11 Replies Latest reply on Feb 20, 2014 1:39 AM by amencheng

    Strange VM behavior High %USED, High %IDLE, absolutly zero activity on vm

    ewhite7 Novice

      After upgrade from 5.0 to 5.5, I am seeing strange behavior.  These few VMs also hang at 65% when using vMotion.  All have really high CPU used, and IDLE.

      If I log into the guest OS, no activity.  I mean 0.0%us.  Proxies are CentOS 5.2 Linux, the Jasper is Windows.  The Jasper has nothing but default windows process running and is completely idle.

       

      7:07:29pm up 1 day  3:44, 572 worlds, 10 VMs, 16 vCPUs; CPU load average: 0.73, 0.72, 0.73

      PCPU USED(%):  59  70  54  57  51  53  73  71 AVG:  61

      PCPU UTIL(%):  68  81  64  70  56  61  82  82 AVG:  71

       

       

            ID      GID NAME             NWLD   %USED    %RUN    %SYS   %WAIT %VMWAIT    %RDY   %IDLE  %OVRLP   %CSTP  %MLMTD  %SWPWT

        512777   512777 cl-ivrproxy         8  141.94  139.26    1.16  646.57    0.34   14.05  187.08    0.62    0.00    0.00    0.00

         66472    66472 Jasper (windows     7  140.34  138.41    0.04  554.68    0.11    6.78  197.28    0.37    0.00    0.00    0.00

        438541   438541 cl-proxy            7  139.26  137.58    0.48  550.05    0.52   12.28   91.20    0.53    0.00    0.00    0.00

       

      I have another host with a few more VMs behaving the same way.  The rest of the VMs on the hosts are behaving fine.

      The Windows VM has two vCPUs and is using the multiprocessor HAL.

      The two Linux proxies are single vCPU, expect I changed on to two vCPU to see if it made a difference.  No difference.

       

      Any thoughts?

        • 1. Re: Strange VM behavior High %USED, High %IDLE, absolutly zero activity on vm
          ewhite7 Novice

          Also, these same VMs give this error when trying to access console through vCenter:

          "Unable to connect to the MKS: Error connecting to  /bin/vmx process."

          • 2. Re: Strange VM behavior High %USED, High %IDLE, absolutly zero activity on vm
            zXi_Gamer Master

            "Unable to connect to the MKS: Error connecting to  /bin/vmx process.

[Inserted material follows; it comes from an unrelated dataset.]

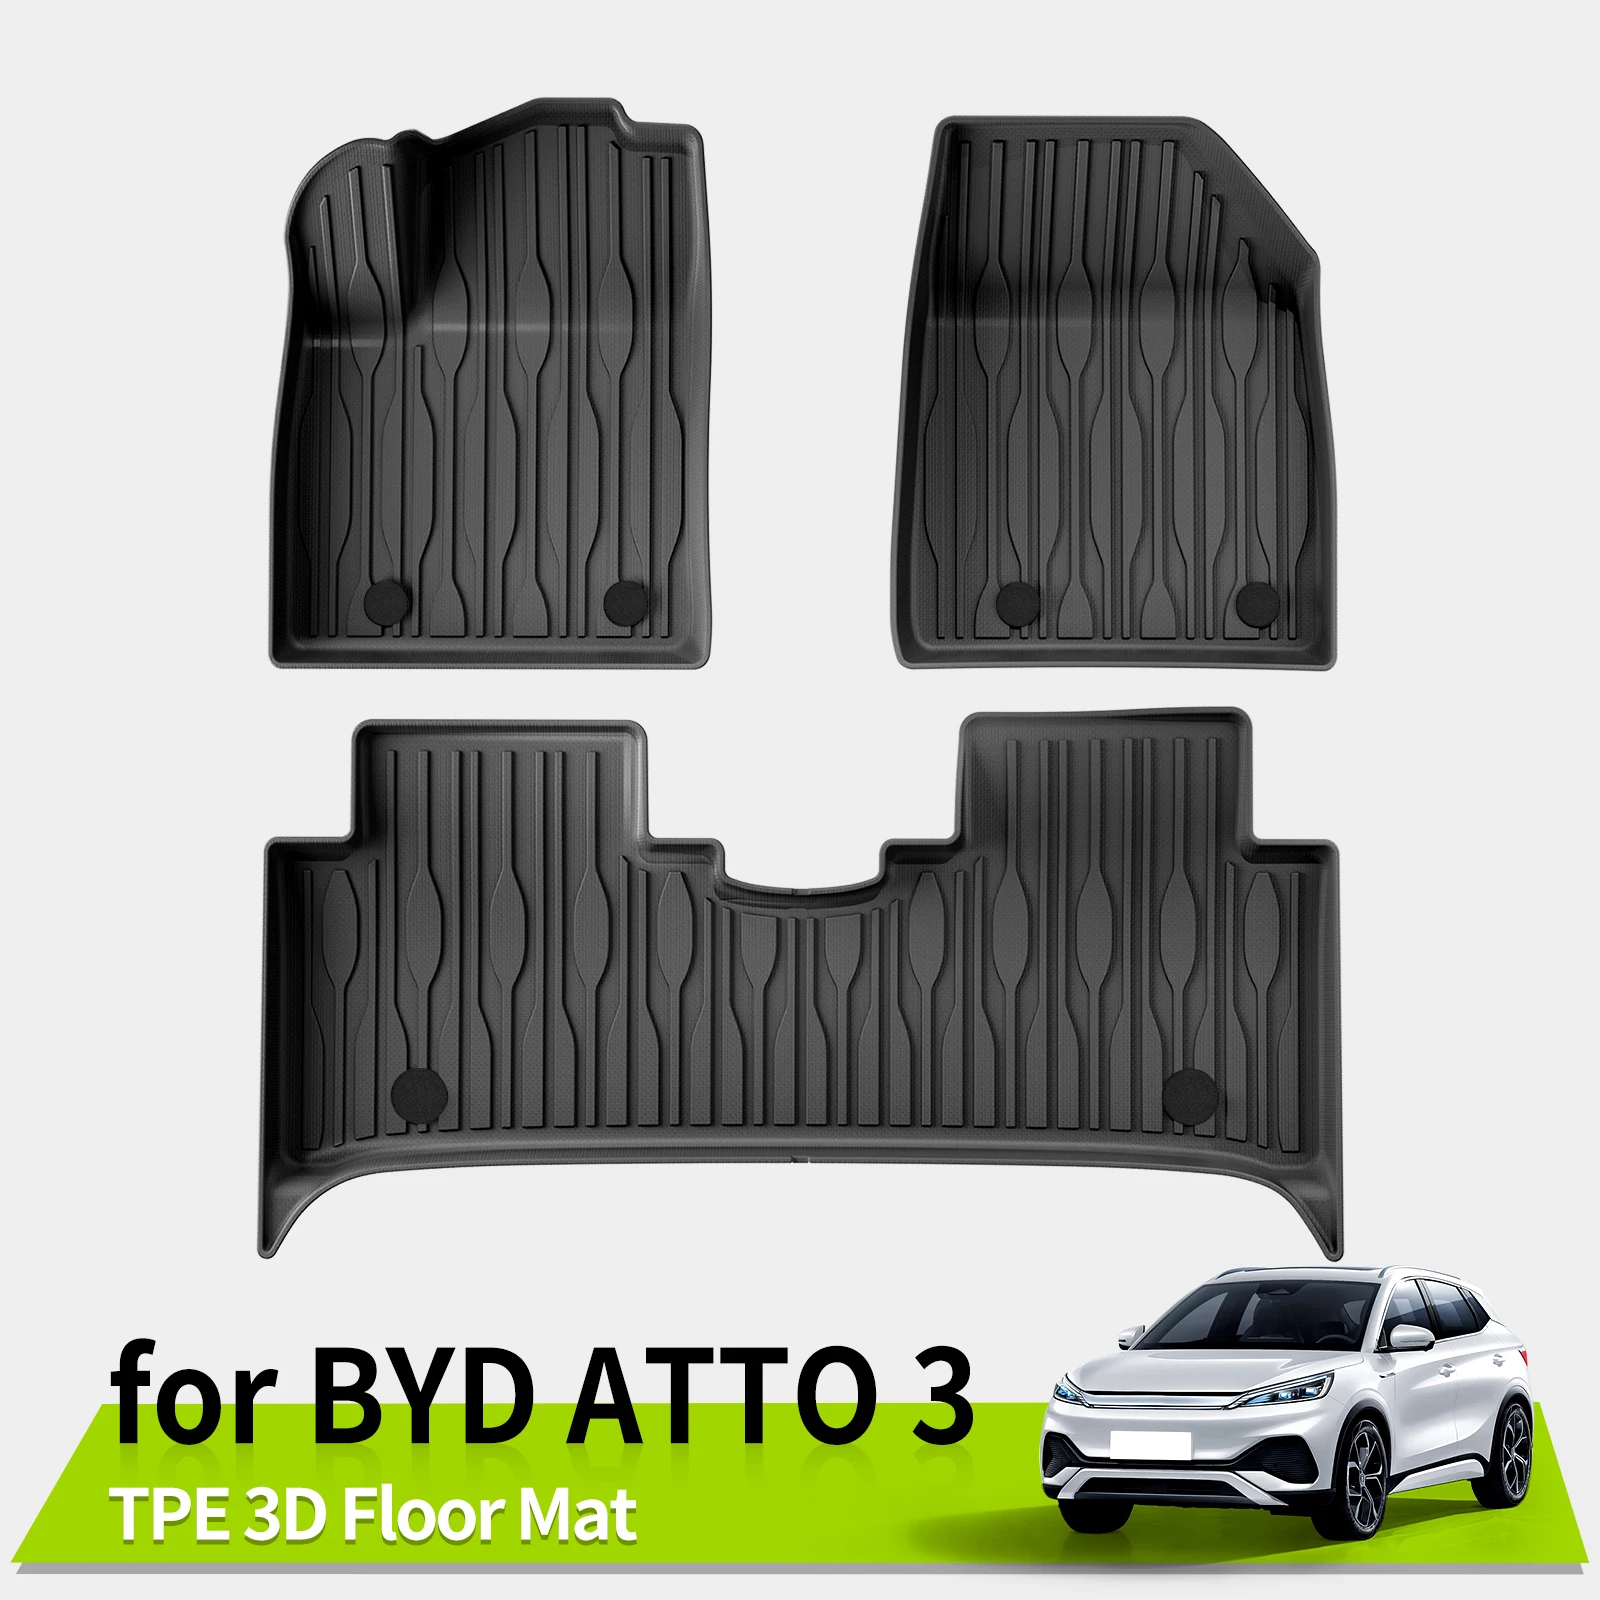 

3D Floor Mats for BYD ATTO 3 Yuan Plus All-Weather Anti-Slip Waterproof Pads Accessories TPE Left Hand Driving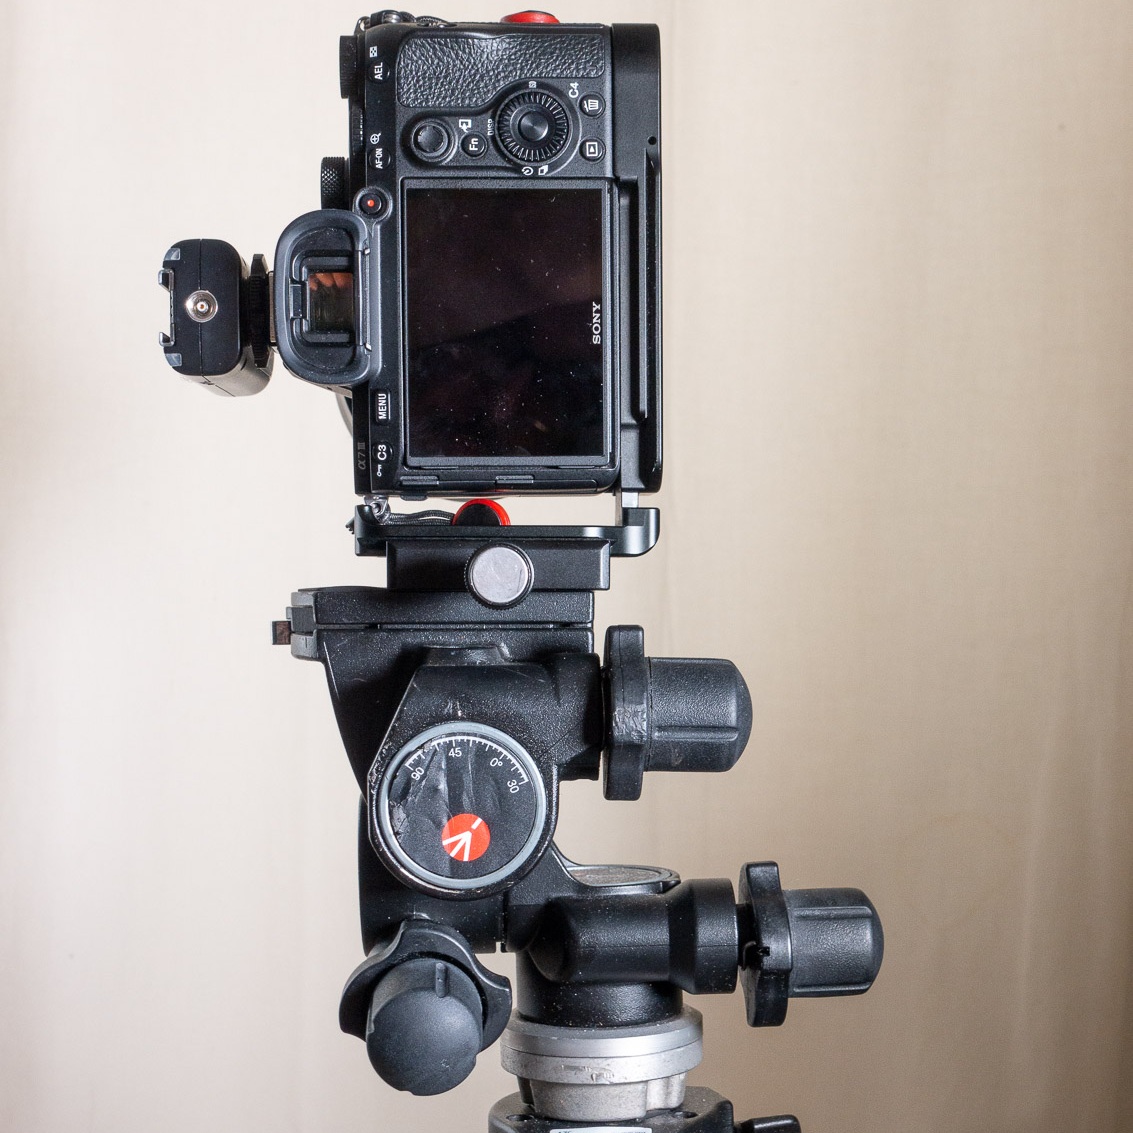  When using an L-Bracket, it’s much easier to get a portrait orientation with the camera and tripod head centered on the tripod.

            • It usually happens when a vm has moved to a different host and the vmx process along with other worlds related to the vm are now in the ownership of the destination host where it has been targetted for migration.
            • In the process, if migration fails, then the vmx process will be transferred to the source and the vmx created in the destination will be killed.

             

            Now coming to the issue at hand, in the host where you are able to see the vms in esxtop, can you press "e" and type in the GID of one VM say, the Jasper and let us know, if you are able to see the vmx process running with it?

            1 person found this helpful
            • 3. Re: Strange VM behavior High %USED, High %IDLE, absolutly zero activity on vm
              ewhite7 Novice

              Wow, that little trick is helpful.

              looks like mks is the culprit.  I can only assume that the svga is also related to the virtual console.

               

              Any advice on how to set it straight?

               

                    ID      GID NAME             NWLD   %USED    %RUN    %SYS   %WAIT %VMWAIT    %RDY   %IDLE  %OVRLP   %CSTP  %MLMTD  %SWPWT

                 67008    66472 vmx                 1    0.17    0.11    0.06   99.82       -    0.09    0.00    0.00    0.00    0.00    0.00

                 67012    66472 vmast.67011         1    0.01    0.01    0.00  100.00       -    0.00    0.00    0.00    0.00    0.00    0.00

                 67014    66472 vmx-vthread-5:J     1    0.00    0.00    0.00  100.00       -    0.00    0.00    0.00    0.00    0.00    0.00

                 67206    66472 vmx-mks:Jasper      1   75.09   74.50    0.00   19.12       -    6.40    0.00    0.27    0.00    0.00    0.00

                 67207    66472 vmx-svga:Jasper     1   59.06   57.57    0.00   27.76       -   14.69    0.00    0.21    0.00    0.00    0.00

                 67208    66472 vmx-vcpu-0:Jasp     1    0.87    0.86    0.00   98.14    0.09    1.01   98.05    0.01    0.00    0.00    0.00

                 67209    66472 vmx-vcpu-1:Jasp     1    0.75    0.74    0.00   98.49    0.09    0.79   98.39    0.01    0.00    0.00    0.00

              • 4. Re: Strange VM behavior High %USED, High %IDLE, absolutly zero activity on vm
                zXi_Gamer Master

                looks like mks is the culprit.  I can only assume that the svga is also related to the virtual console.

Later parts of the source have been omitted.